Using Bayesian Analysis to Estimate a Proportion
------------------------------------------------

Bayesian analysis can be useful for estimating a proportion, when you have some rough
idea of what the value of the proportion is, but have relatively little data.

Specifying a Prior for a Proportion
^^^^^^^^^^^^^^^^^^^^^^^^^^^^^^^^^^^

An appropriate prior to use for a proportion is a Beta prior.

For example, if you want to estimate the proportion of people like chocolate, you
might have a rough idea that the most likely value is around 0.85, but that the proportion
is unlikely to be smaller than 0.60 or bigger than 0.95. 
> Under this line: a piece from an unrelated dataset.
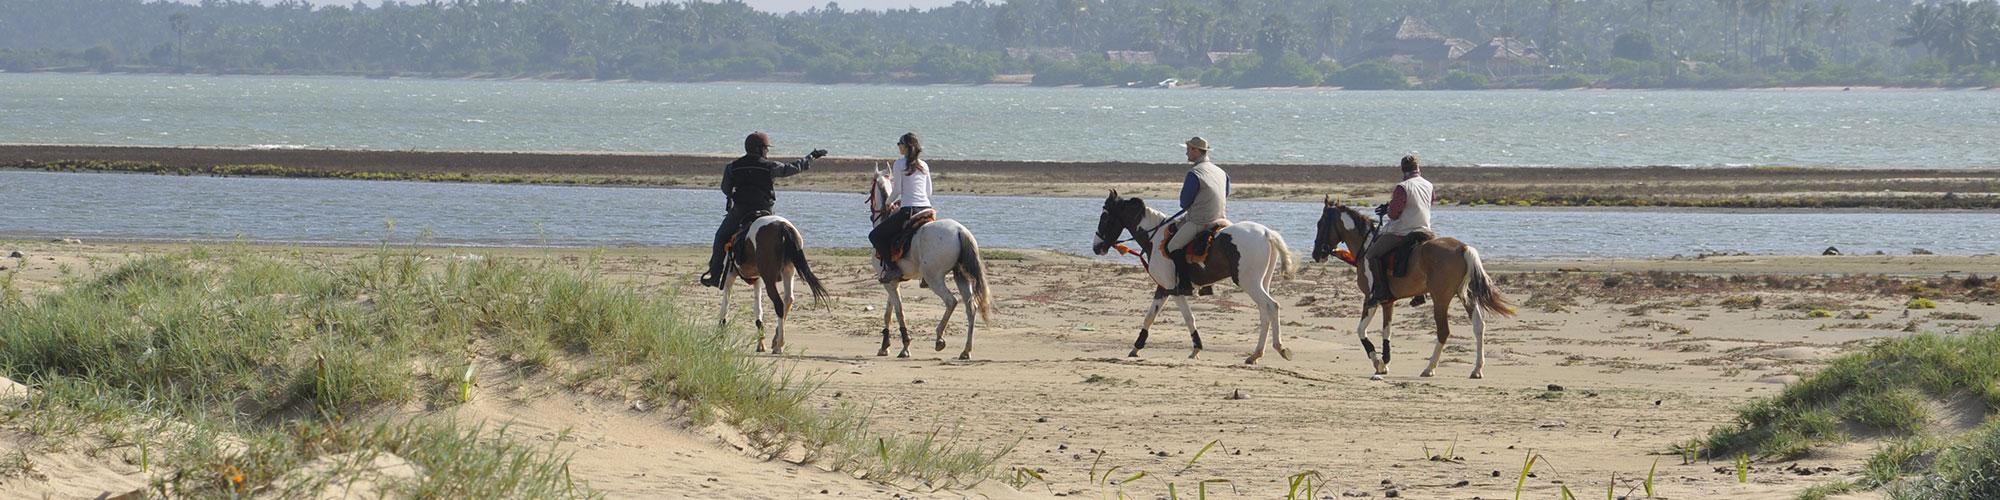 Horseback riding on the beach

You can find the best Beta prior to use in this case by specifying that the median (50\% percentile)
of the prior is 0.85, that the 99.999\% percentile is 0.95, and that the 0.001\% percentile is 0.60:

.. highlight:: r

::

    > quantile1 <- list(p=0.5, x=0.85)    # we believe the median of the prior is 0.85
    > quantile2 <- list(p=0.99999,x=0.95) # we believe the 99.999th percentile of the prior is 0.95
    > quantile3 <- list(p=0.00001,x=0.60) # we believe the 0.001st percentile of the prior is 0.60

We can then use the findBeta() function below to find the most appropriate Beta prior to use.

::

    > findBeta <- function(quantile1,quantile2,quantile3)
      {
         # find the quantiles specified by quantile1 and quantile2 and quantile3
         quantile1_p <- quantile1[[1]]; quantile1_q <- quantile1[[2]]
         quantile2_p <- quantile2[[1]]; quantile2_q <- quantile2[[2]]
         quantile3_p <- quantile3[[1]]; quantile3_q <- quantile3[[2]]

         # find the beta prior using quantile1 and quantile2
         priorA <- beta.select(quantile1,quantile2)
         priorA_a <- priorA[1]; priorA_b <- priorA[2]

         # find the beta prior using quantile1 and quantile3
         priorB <- beta.select(quantile1,quantile3)
         priorB_a <- priorB[1]; priorB_b <- priorB[2]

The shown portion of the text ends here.